The various tribes can be categorised into different major linguistic groupings, such as Indo-Aryan, Dravidian, Austroasiatic, Tibeto-Burman, and Andamanese.

About 25% of the Munda people and Oraon people, and 60% of the Kharia people of Jharkhand (population about 130,000), are Christian. Altogether, 43% of Kharia population is Hindu while 46% is Christian. However, almost two-thirds (63%) of the Santhal, over 40% of Munda and Ho tribal population are Hindus. Tribal groups in the Himalayas were similarly affected by both Hinduism and Buddhism in the late 20th century.

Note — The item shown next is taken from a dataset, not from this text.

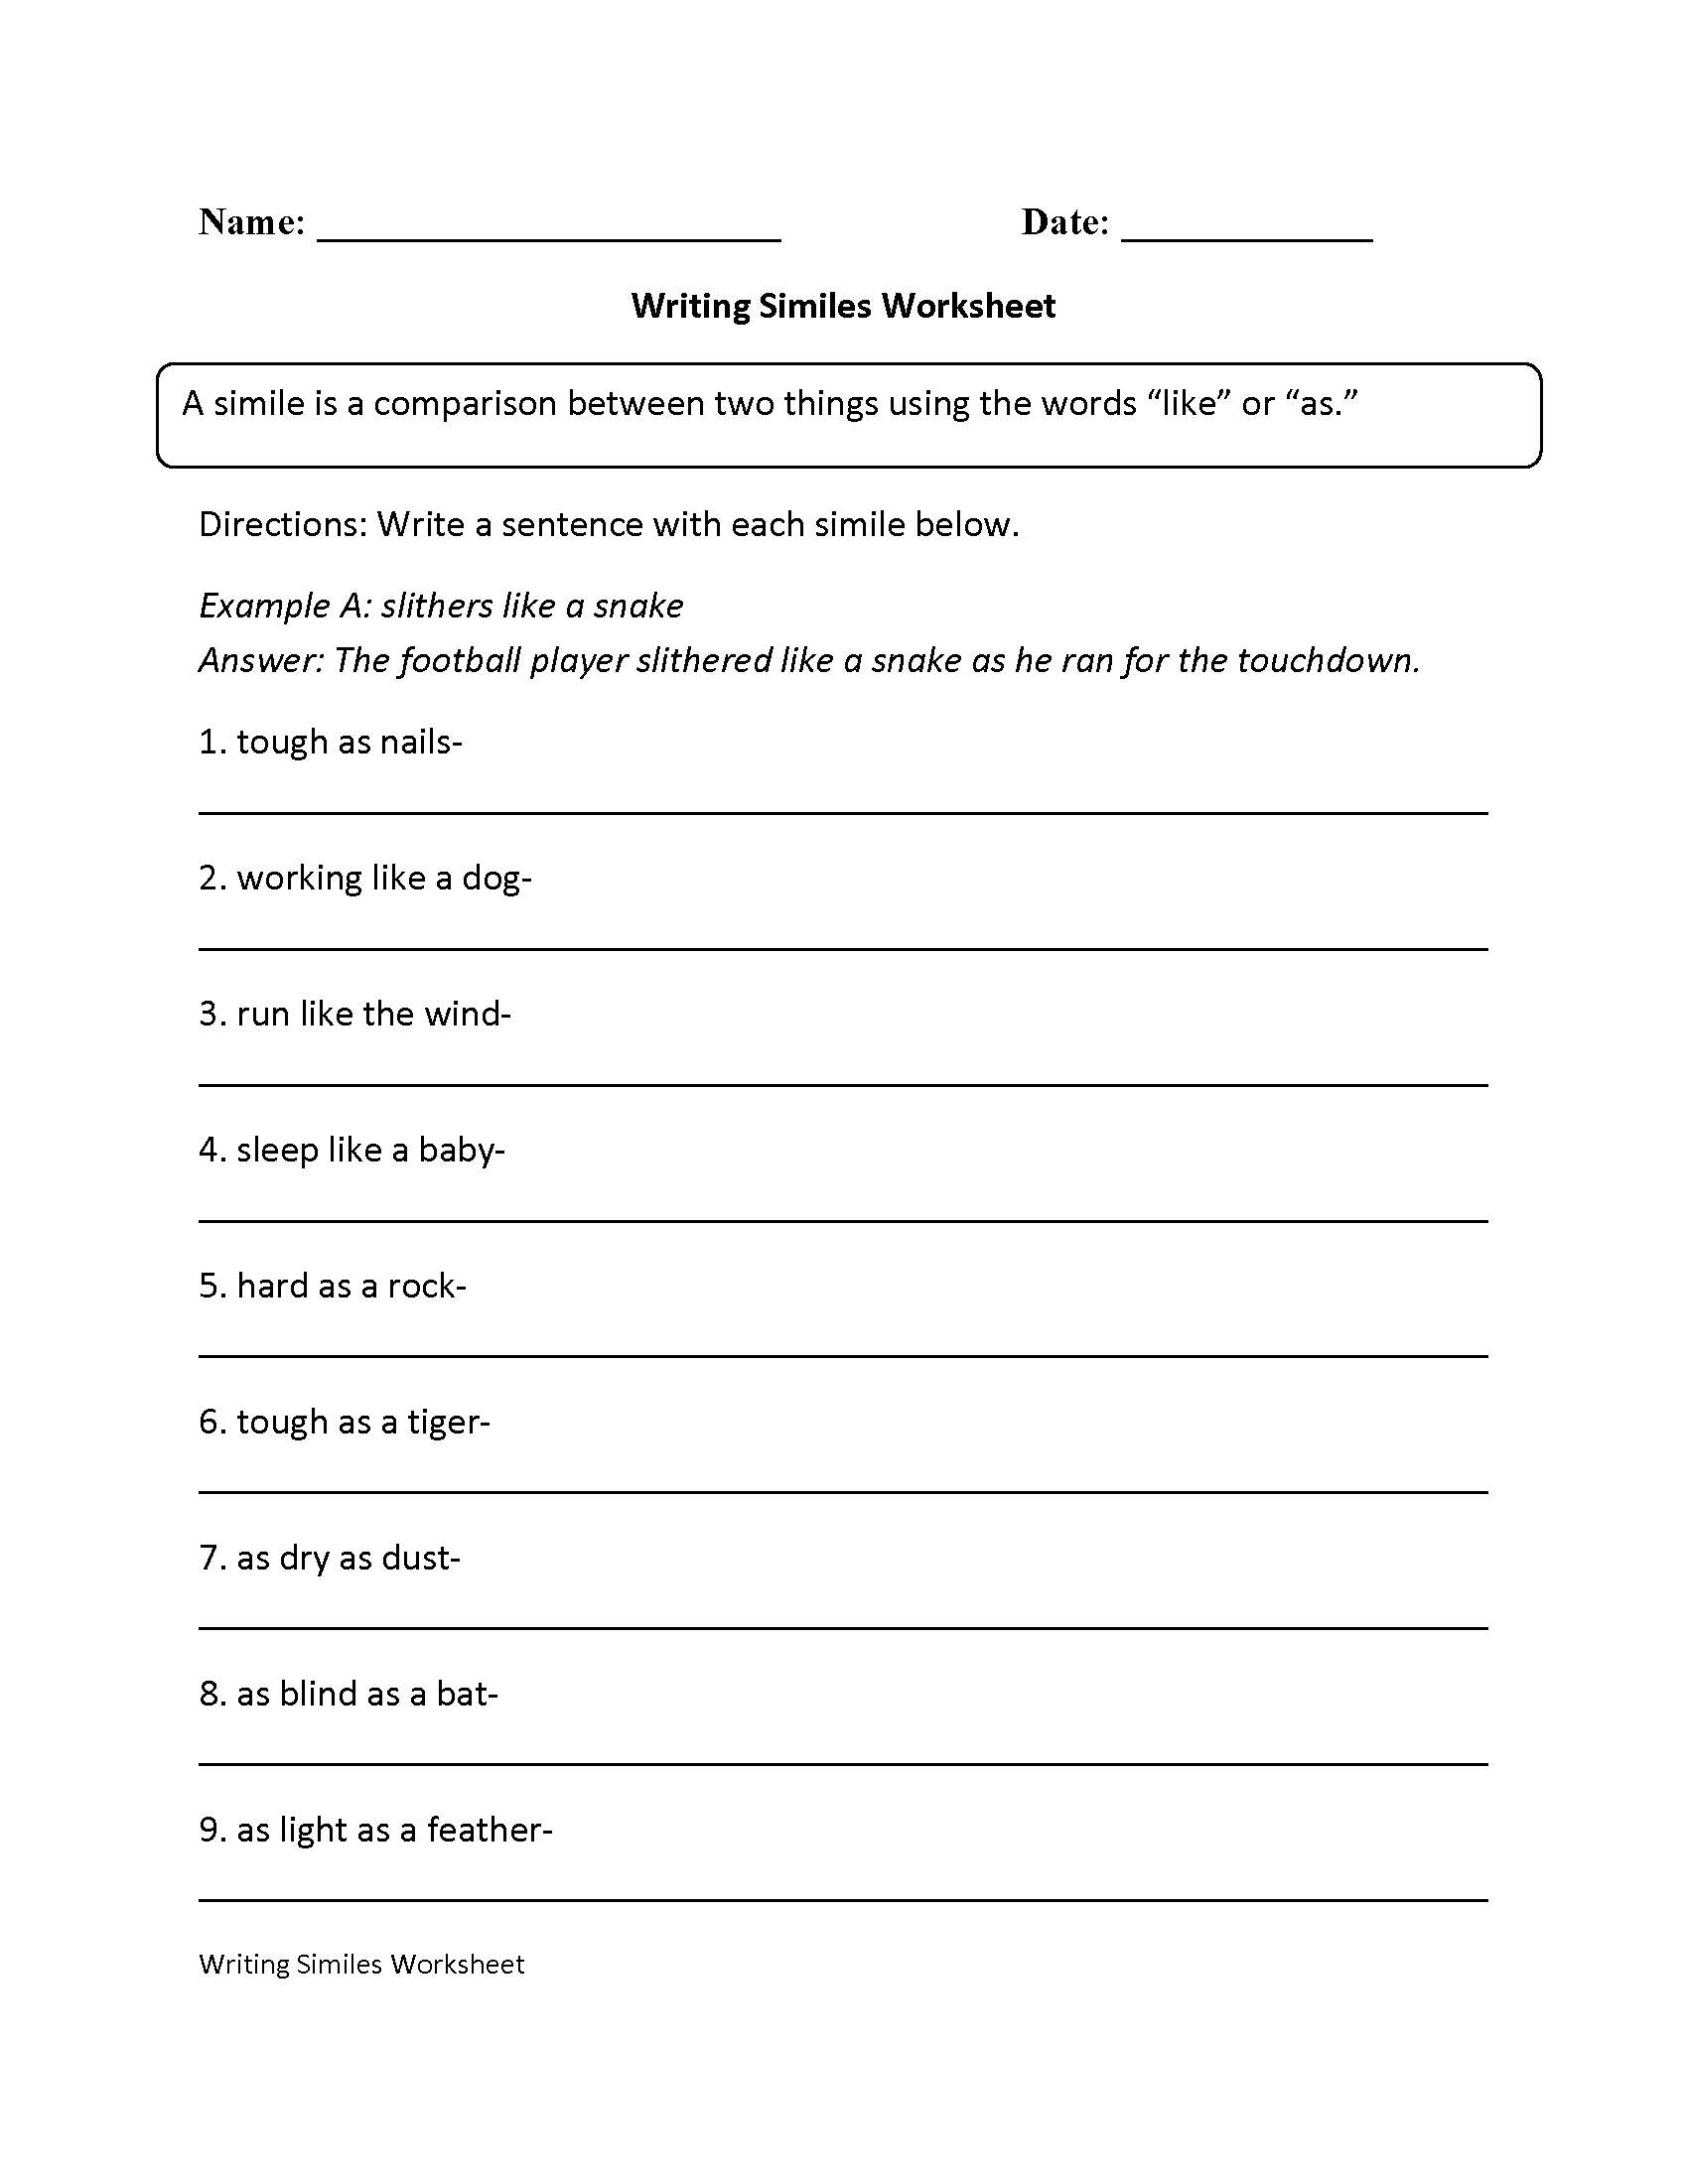 Simile Worksheets For Middle School The Best Worksheets Image

The small hunting-and-gathering groups in the union territory of the Andaman and Nicobar Islands have been under severe pressure of cultural assimilation.

==Recognition==
According to the Indian legal system, all the native or indigenous religions of India fall broadly under Hinduism, since the constitution does not classify only Vedic religions as Hinduism as used in the colloquial norm. The term "Hindu" is derived from Persian meaning "Indo" (or Indian), hence the official word "Hinduism" broadly refers to all the native cultures of the Indian subcontinent. The 1955 Hindu Marriage Act "[defines] as Hindus anyone who is not a Christian, Muslim, or Jew".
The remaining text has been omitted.